Week of March 23, 2020 distance learning

Hello,  my "Outback" learning friends.  Welcome to our second week of distance learning from the library.  

Here's my library lesson for 5th grade:

I miss you and miss reading to you each week.  Maybe we’ll be back together soon.  I wonder how your Newbery reading is going.  How about your Newbery word search?
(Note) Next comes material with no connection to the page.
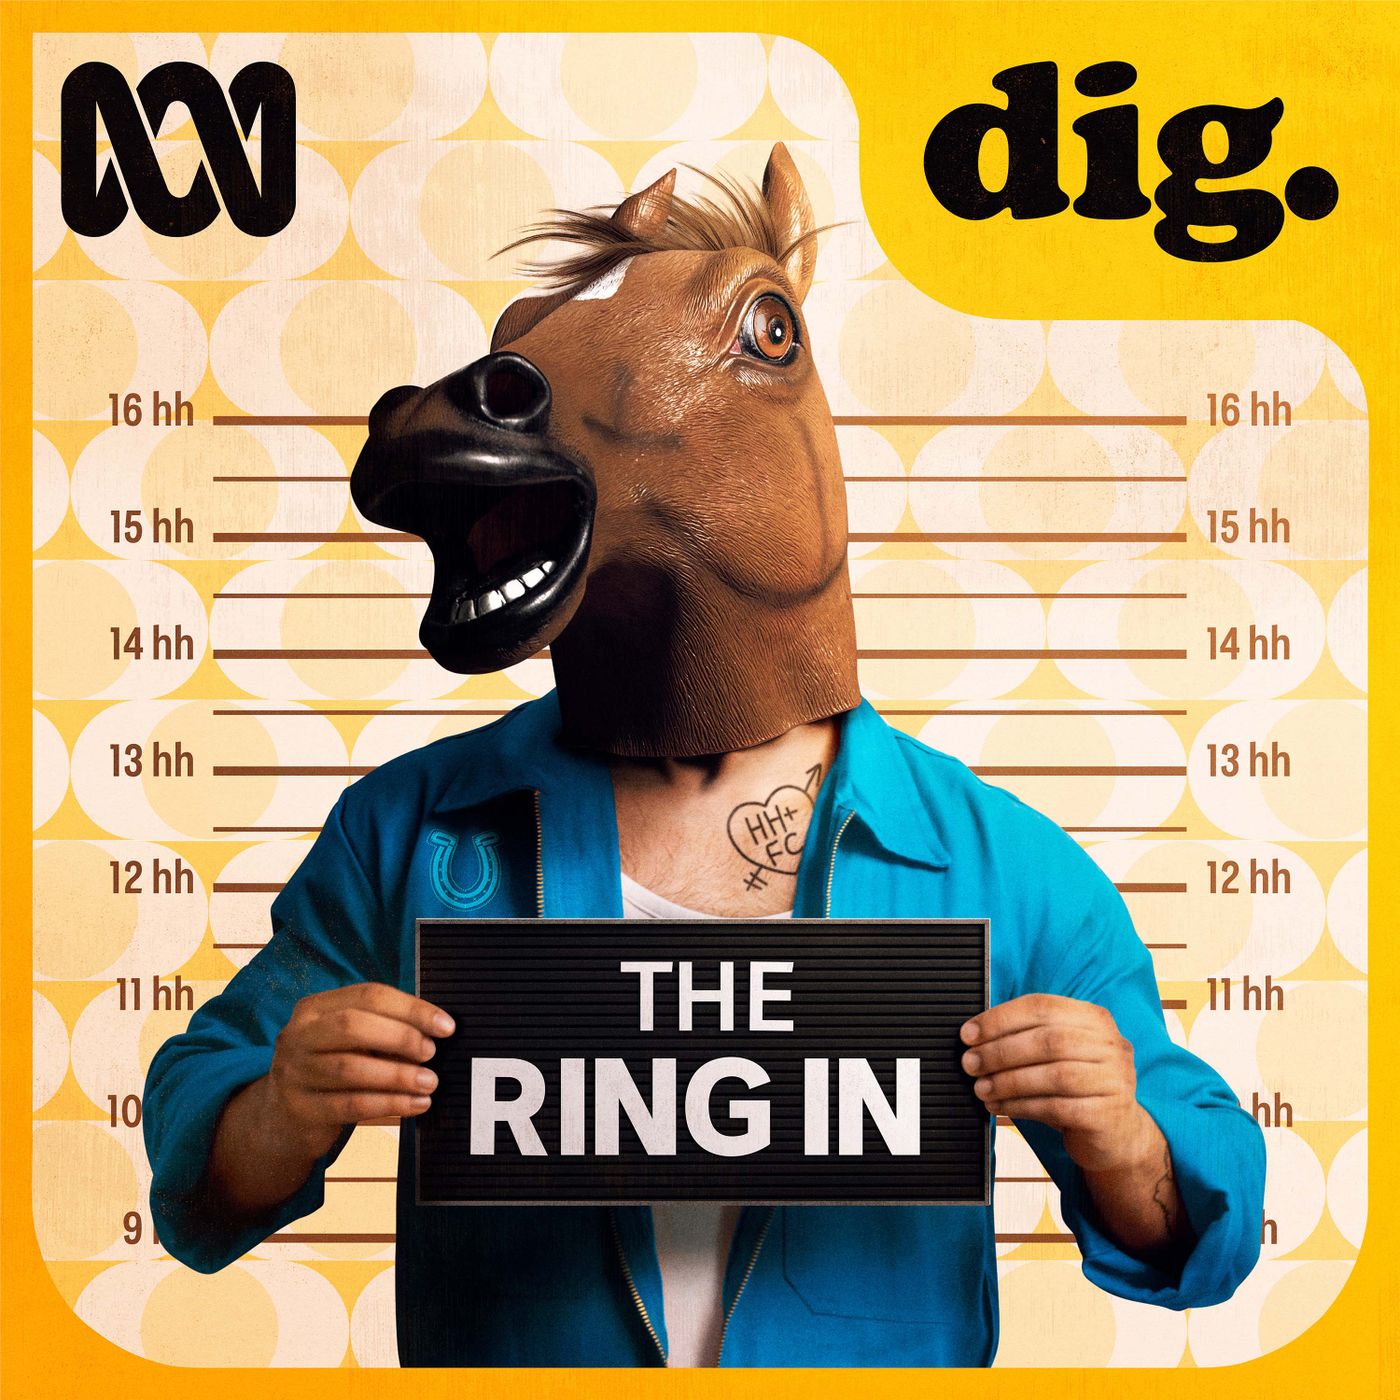 01 | The Ring In - My Friends Call Me Haitch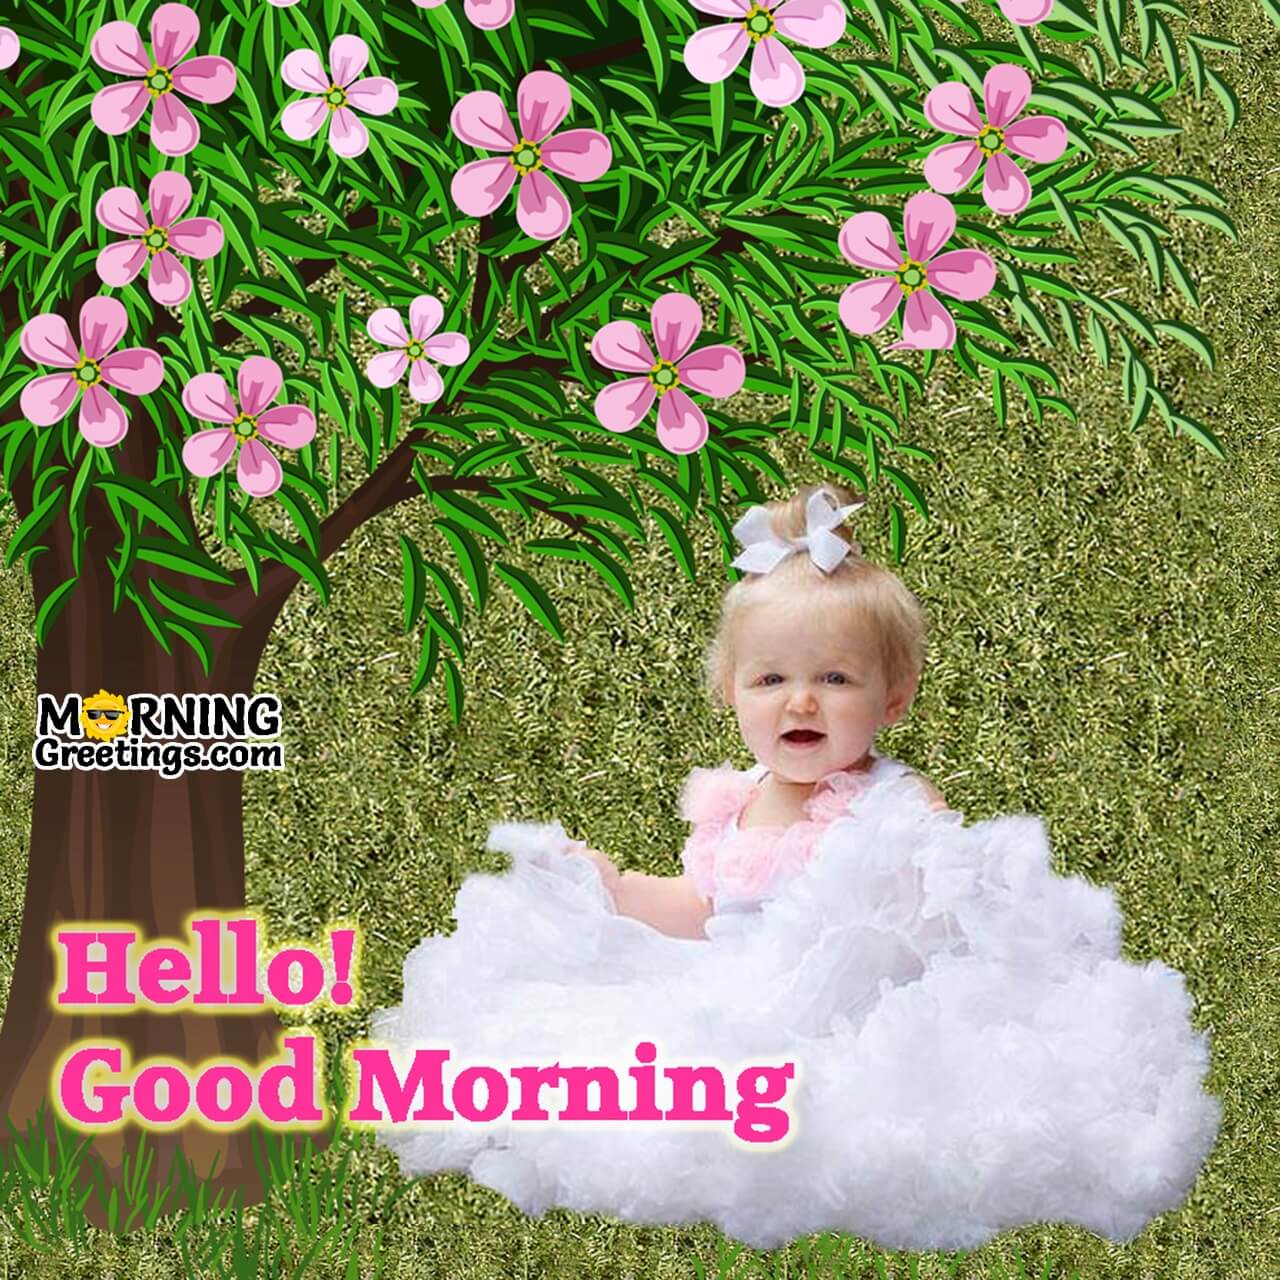 15 Best Good Morning Images Of Babies - Morning Greetings ...

How many Newbery titles did you find in the word search puzzle?  Will you email me and tell me?  Also, has anybody finished your Newbery book?  If so, will you email me, tell me your title, and tell me if you think it was worthy of the Newbery Award or Honor, the highest honor a book can receive in the year it was published?  Tell me why you think that.  What was your favorite part?  Would you recommend that your friends read this book, too?  Why?
         If you were in the library this week, I would be reading you a book called Henry’s Freedom Box by Ellen Levine.  I like to share our Civil War era books with you while you are studying that time period in social studies.  This is such a bittersweet book (remember what that means?).  It is a TRUE story about the Underground Railroad.  Click here for Henry's Freedom BoxAfter you listen to the story, go to your bathroom and get in the bathtub (clothed and no water turned on).  Scrunch yourself up really small to fill about ½ to 2/3 of the bathtub space.  Stay just like that for as long as you can stand it.  Imagine you are scrunched up like that for 27 hours.  That’s longer than a day!  That’s like staying in that position from singing the National Anthem one day until lunch THE NEXT DAY!!!  Now as you do this you are all probably kind of comfortably lying on your backs…oh, no!  Imagine part of that time you are on your tummy, on your side, and even ON YOUR HEAD!  No food, no water breaks, no bathroom breaks, no recess, no stand up and stretch…for 27 hours!  Now do you have a better understanding of Henry Box Brown?
         Wow!  Two amazingly wonderful books this week…your Newbery and Henry’s Freedom Box!  It just doesn’t get much better than that.  Enjoy your free time escaping through good books.  I love you, am praying for you and your families, and am counting the days until we can read together again!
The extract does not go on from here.